The great horse of Eorl

Eorl's father Léod was a tamer of horses among the Éothéod, who captured this wild white horse while it was still a foal. He tried to tame it himself, but when he attempted to mount it, it threw him and escaped. So Léod died, leaving a sixteen-year-old son, Eorl. Eorl hunted the white horse, found it, and demanded that it give up its freedom in payment for the death of his father. The horse agreed, and took the name that Eorl gave it: Felaróf, a name said to mean 'very valiant' or 'very strong'.

It was on Felaróf that Eorl rode to the aid of Gondor and earned a famous victory, one that would lead Steward Cirion to grant them the wide empty land of Calenardhon, which would come to be called Rohan.

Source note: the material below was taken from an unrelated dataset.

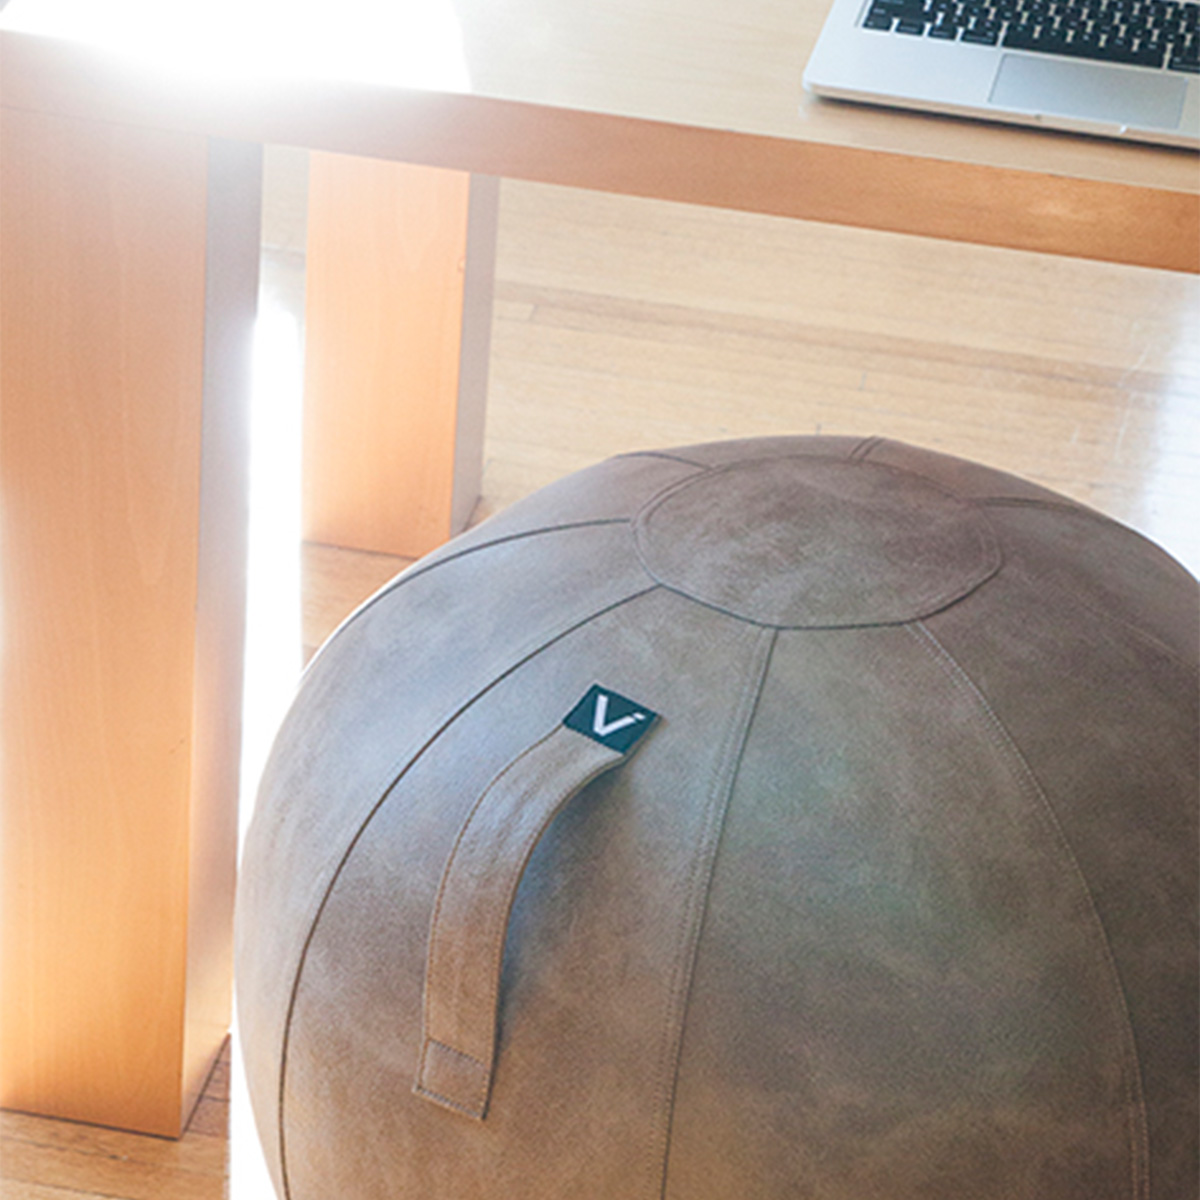 VIVORA/ヴィヴォラシーティングボール ルーノ レザーレット

For more than thirty years afterwards, Felaróf had the freedom of those wide grasslands, but a new invasion of Easterlings saw Eorl ride to battle once again. In the Wold, the far northern reach of Rohan, Eorl and Felaróf met their ends, and were laid together in a mound raised outside the gate of Edoras.

Felaróf was a very remarkable horse indeed. It is even recorded that he could understand the speech of Men. He gave rise in turn to a race of wonderful horses, the Mearas, who according to tradition could only be ridden by the Lords of the Mark, Eorl's descendants. It was from this line that Gandalf's horse Shadowfax came, making him a descendant of Felaróf himself.